Enshrined in our U.S. Constitution, we say that people have the right to the “Pursuit of Happiness.” It’s a rather upbeat thing for such an august document to say, isn’t it? I was talking to our good friend and Gray’s Theology charter member Anthony today about this phrase, and he said something to the effect of, “To deny the right to pursue happiness is like saying you don’t have the right to breathe. We just try to be happy, that’s part of being human.”

I think Anthony’s right. Whether we’re oppressed under some dictator, or we’re living large in a free country, we all still have things that we try to accomplish, things we try to change about our situation to bring ourselves a little closer to our vision of what will be happier.

So with that in mind, what the heck do you think our founding fathers were talking about? Also, is happiness a worthy pursuit? And finally, if yes, what specifically are you trying to pursue when you “pursue happiness”? If no, what *do* you think is a worthy pursuit?

Credit where credit’s due: Another good friend of ours, Jedidiah, planted the seeds of the topic.

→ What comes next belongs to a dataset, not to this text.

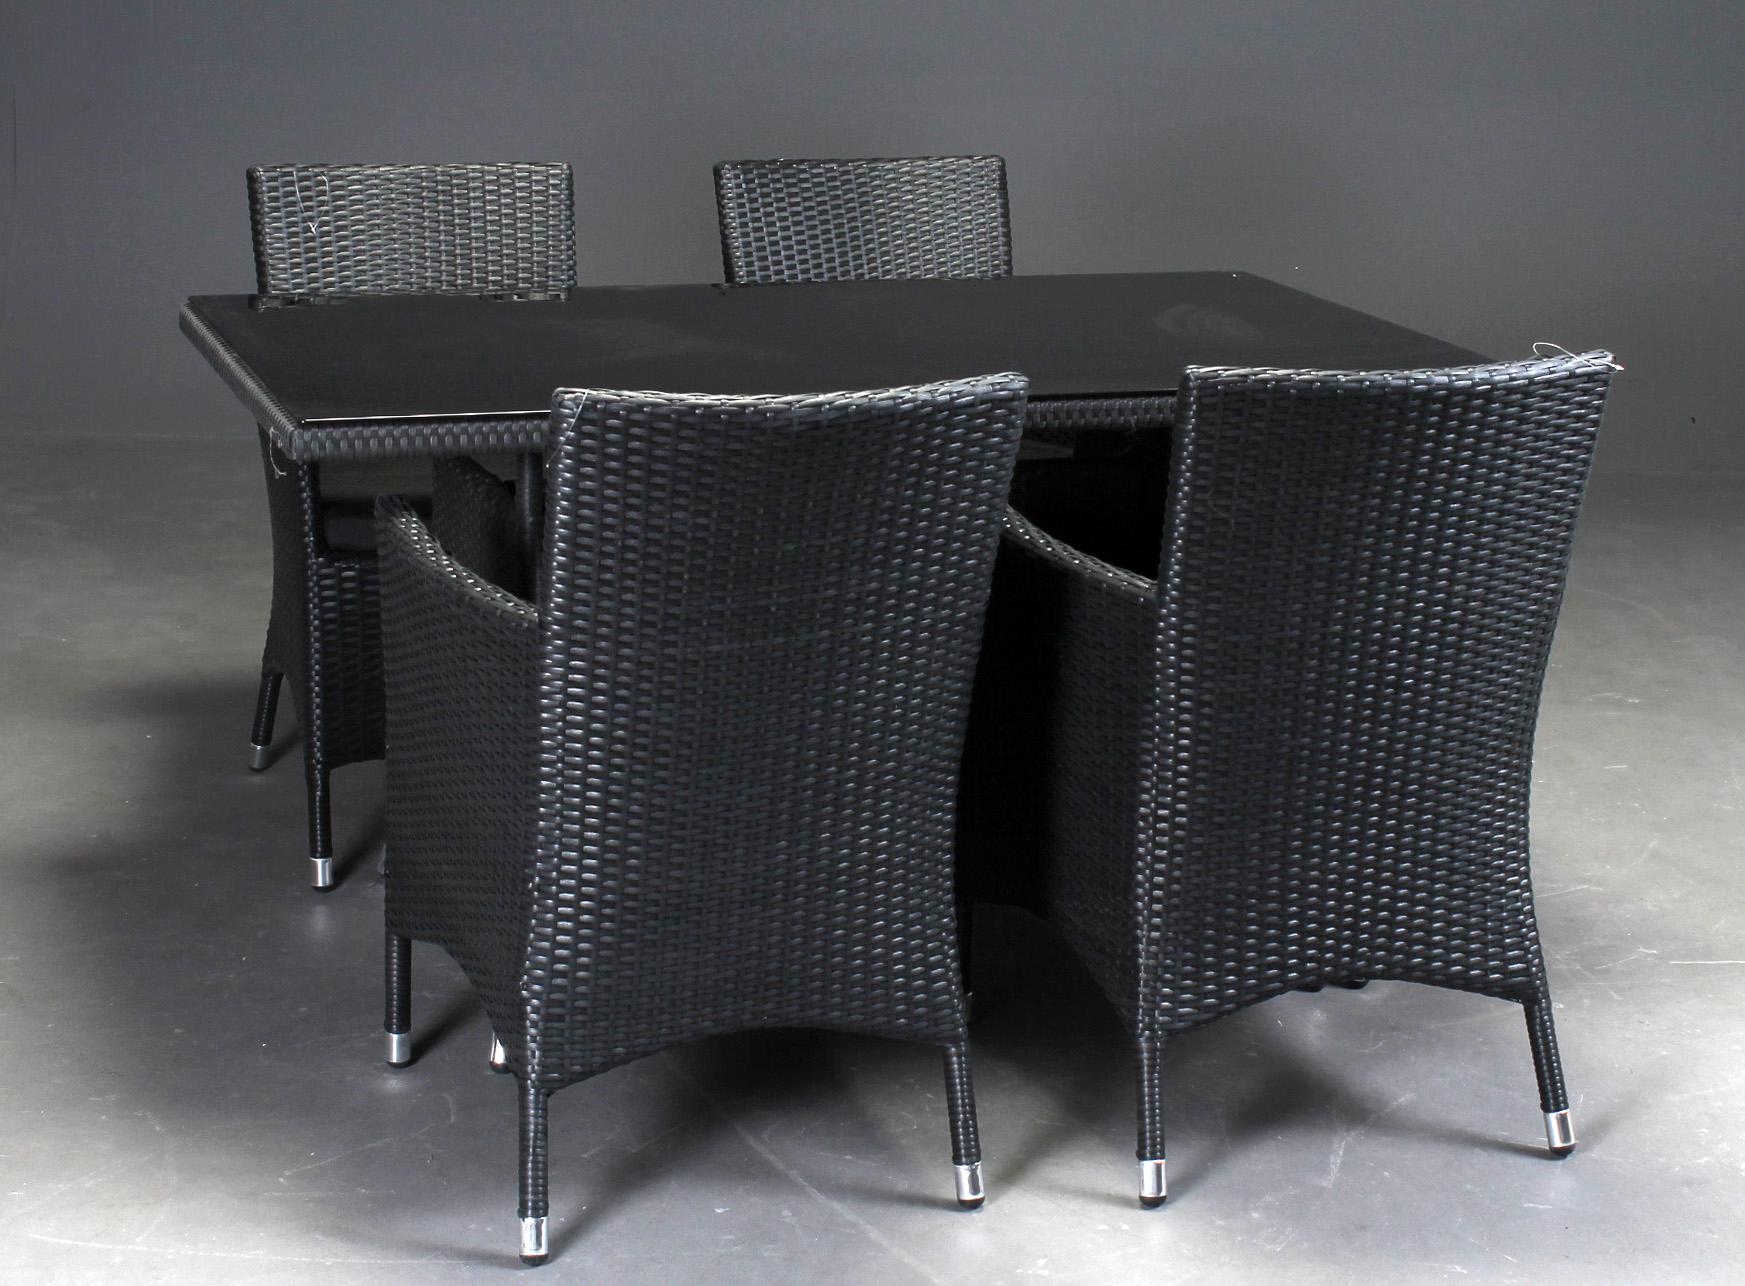 Havemøbelsæt, fire stole samt bord polyrattan - Havemøbler bestående af: Havebord model Amadeus stel af aluminium med sort polyrattan bordplade af hærdet glas, sortmateret. H. 74 B. 80 L. 140 cm. Fire Royal sorte polyrattan stole med aluminiumsstel med hynder

Actually, I pushed it in a different direction than his also-sweet original idea (which was: Do we really have a right to happiness, anyway?), which I hope we’ll get to next month.

If you’re confused about why I have making some of my statements in first person plural, it’s because I’m referring to the ridiculously awesome meetup group this blog serves, Gray’s Theology. Comments are reserved to folks who have attended in the meatspace. If you’re in the Verona, Wisconsin area, head over to the meetup site and find out how to join us.


One Response to “Pursuit of Happiness”

  1. I agree with Anthony. There is a difference between a right to the pursuit of happiness, and a right to happiness.